Guide to test the port knocking application
To start the application write in the command line
./run_demo.bash
Now open the following terminals
mininet> xterm h1 h2
On the terminal h2 open an UDP server on port 22 as follows
h2# python udpserv.py -s 22
Now, on the terminal h1 we can try different knocking sequences.
Run the following commands, write something in the Netcat client and press ENTER.
echo -n "*" | nc -q1 -u 10.0.0.2 10
echo -n "*" | nc -q1 -u 10.0.0.2 11
echo -n "*" | nc -q1 -u 10.0.0.2 40
nc -u 10.0.0.2 22
The sequence is wrong, so no message is shown at server side.
In this application there is an idle timeout of 5 sec set between each knock. If the time between two consecuve knocks exceeds the timeout threshold, the knock sequence is considered invalid.

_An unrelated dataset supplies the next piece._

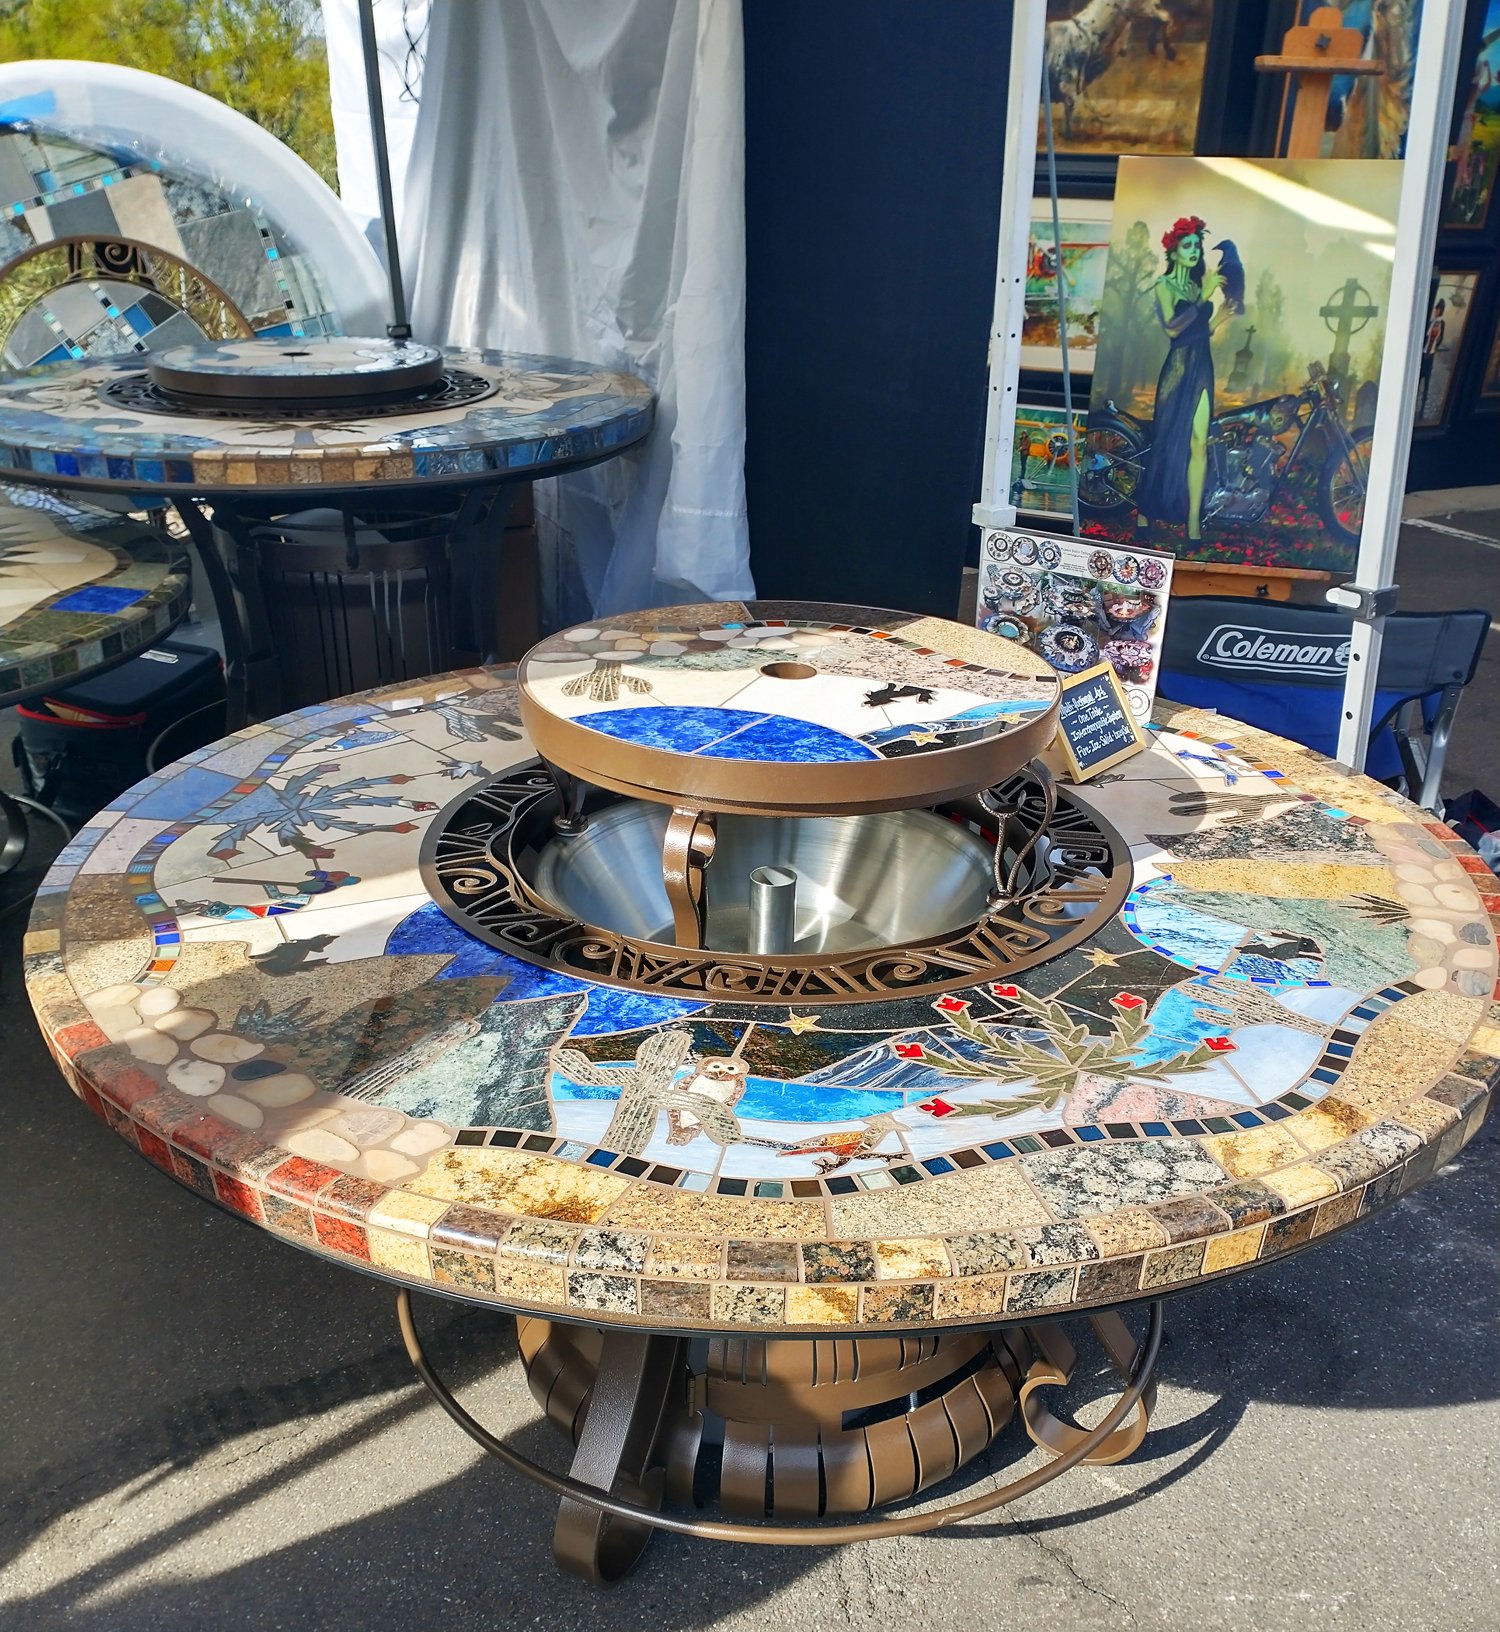 5900$ for this fire pit table.

echo -n "*" | nc -q1 -u 10.0.0.2 10
echo -n "*" | nc -q1 -u 10.0.0.2 11
echo -n "*" | nc -q1 -u 10.0.0.2 12
sleep 7
echo -n "*" | nc -q1 -u 10.0.0.2 13
nc -u 10.0.0.2 22
In this case the sequence is correct, but it is too slow.

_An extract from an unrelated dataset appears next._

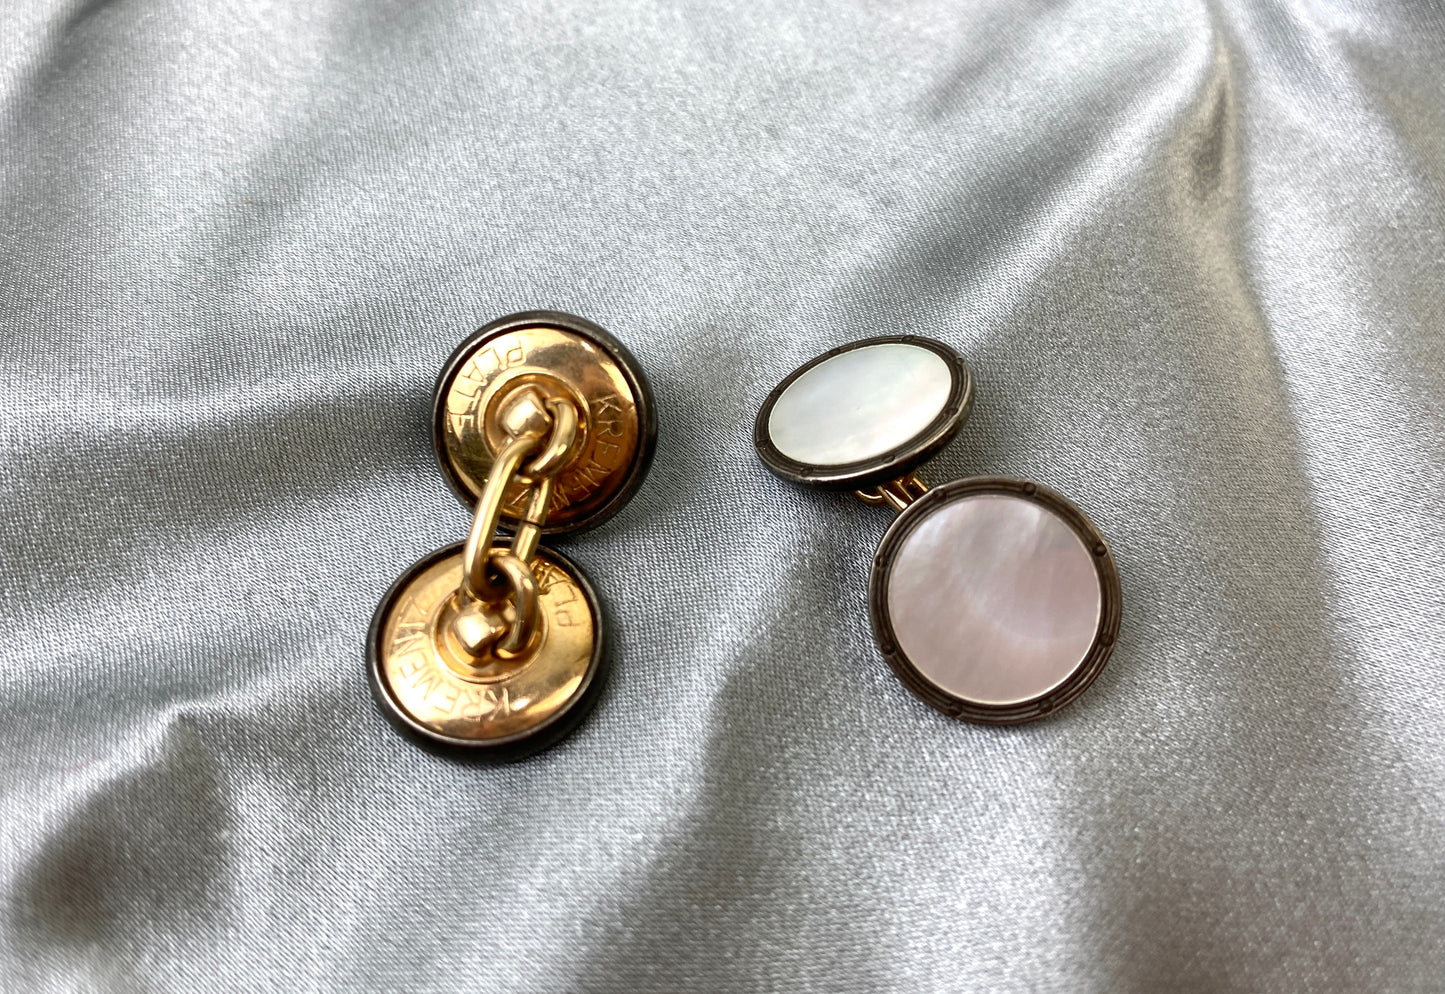 Vintage Edwardian 1910s Men's Round Cufflinks, Double-Sided Silver with Mother of Pearl Inlay, Krementz Gold Plated

echo -n "*" | nc -q1 -u 10.0.0.2 10
echo -n "*" | nc -q1 -u 10.0.0.2 11
echo -n "*" | nc -q1 -u 10.0.0.2 12
echo -n "*" | nc -q1 -u 10.0.0.2 13
nc -u 10.0.0.2 22
In this last case is now possible to see the messages at server side. Once port 22 is open, an idle timeout of 5 seconds and a hard timeout of 10 seconds are set. Try to wait 5 seconds between the 1st and the 2nd message: the idle timeout will expire and the port will be locked again. Repeat the knocking sequence and try to send messages every second: the idle timeout will not expire, but after 10 seconds (hard timeout) the port will be closed.